Mo' Money, Mo' Problems

We're all participants, willing or not, in the One Trillion Dollar Development Pyramid.

  1. Dozens. The developers working on your kernel should be Dave Cutler-esque geniuses. There aren't many guys playing the game at this level. Copying UNIX over and over is laudable enough, but developing an entire OS architecture from scratch is the ultimate in hardcore development.
  2. Hundreds. Those kernel developers support several hundred OS developers, who should be the best of the best, your Raymond Chens, if you will. They create the OS infrastructure that makes everything else possible.
  3. Thousands. Those OS developers support a thousand framework developers. Highly talented, handpicked developers building abstract APIs that enable huge productivity gains.
  4. Millions. The framework supports millions of developers of wildly disparate skill levels: everything from rank beginner to near-genius. And they're pounding out trillions of lines of code on every imaginable kind of application.

The development techniques used on each level of the pyramid may not have a whole lot in common. Can you imagine IIS 7.0 written in managed C#? The personalities and skills required at each level are quite different as well. Can you imagine working on GenericBusinessApp 3.7 with Dave Cutler? "I've got chunks of guys like you in my stool!"

The real risk here is delusions of grandeur: thinking that you're working at a higher level of the pyramid than you actually are, and choosing techniques that don't make sense for your project. Jon Galloway has an insightful rebuttal of Joel Spolsky's recommendation that every college graduate learn low-level C programming which illustrates this conceit:

Modern programming languages run on top of frameworks. .NET apps use the .NET framework, Java uses J2EE (et. al.), and arguably web apps run on top of a browser / communication communication that constitutes an application framework. The list could go on (GTK, XUL, web service, Flash). Most good frameworks are standards based, and all of them host your solutions so you only solve new problems.

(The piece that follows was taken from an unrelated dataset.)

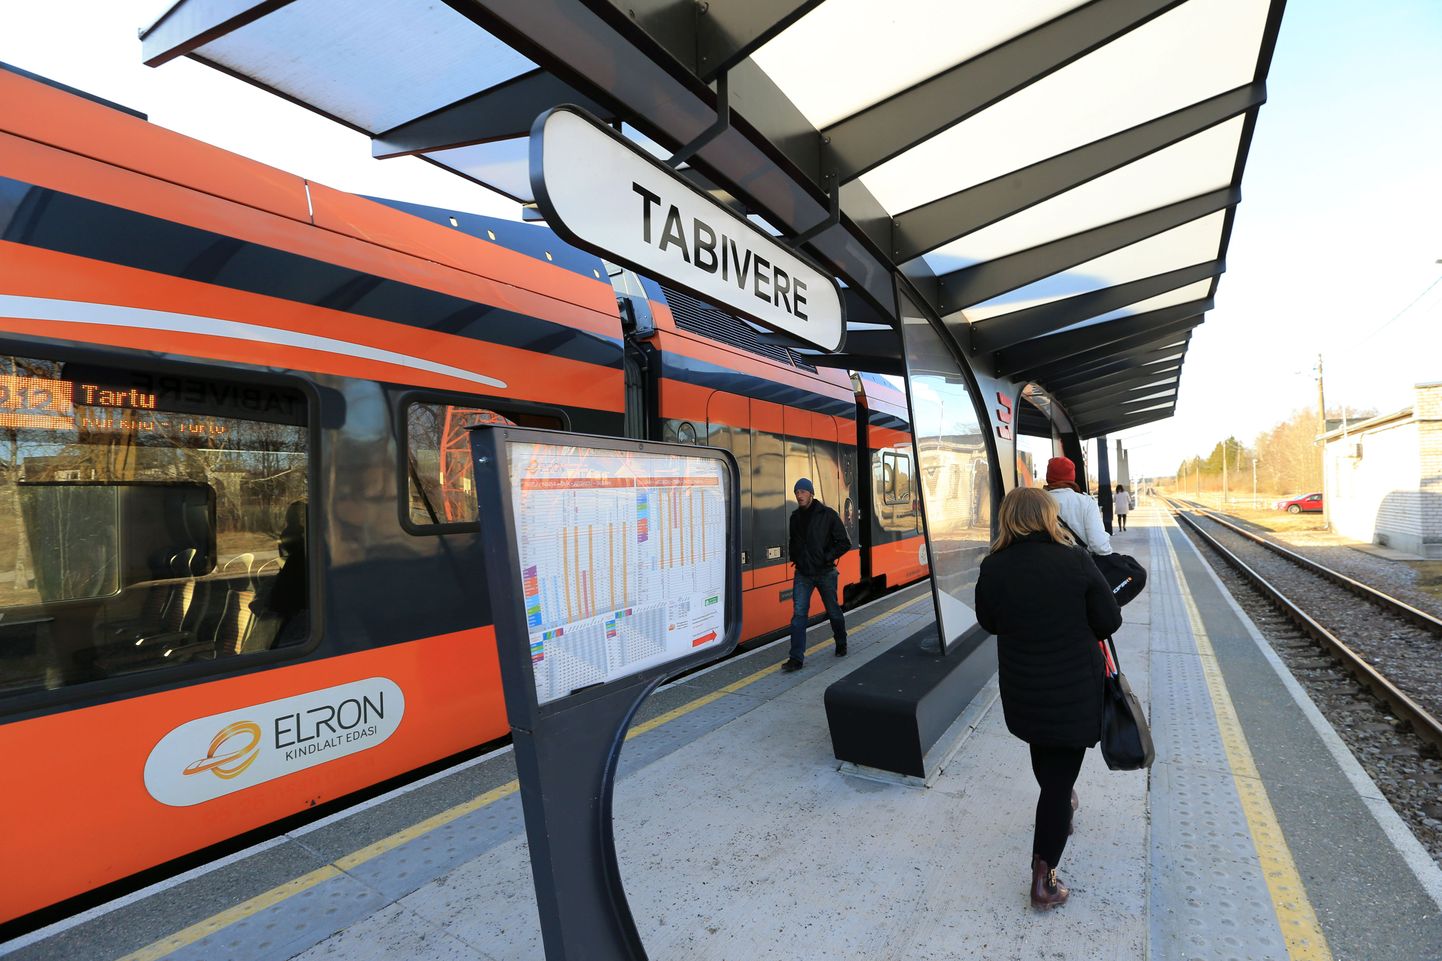 Esimene õhtune rong saabub Tallinnast Tabiverre kell 16.24 ning järgmine alles kell 19.06. Need tabiverelased, kes käivad ühissõidukiga Jõgeval tööl ning kelle tööpäev lõppeb kell viis, peavad koju sõitma bussiga või ootama ligi kaks tundi järgmist rongi.

C code, by and large, is not about frameworks. At its best, it uses some libraries and links to some API's. C gives you a toolset that can solve just about any problem, but requires that you solve each and every problem every time. Frameworks were created to obviate solving the same problems in each program you write. Software development has made a steady progression from code to libraries to components to frameworks. Thankfully, you don't need to retrace this path just as you don't need to experience the dark ages to live in the post-renaissance world.

To be productive as a programmer these days, you either need to be learning to get the most out of existing frameworks or helping to build tomorrow's frameworks. To learn to be a productive programmer, you need to learn how to work with frameworks.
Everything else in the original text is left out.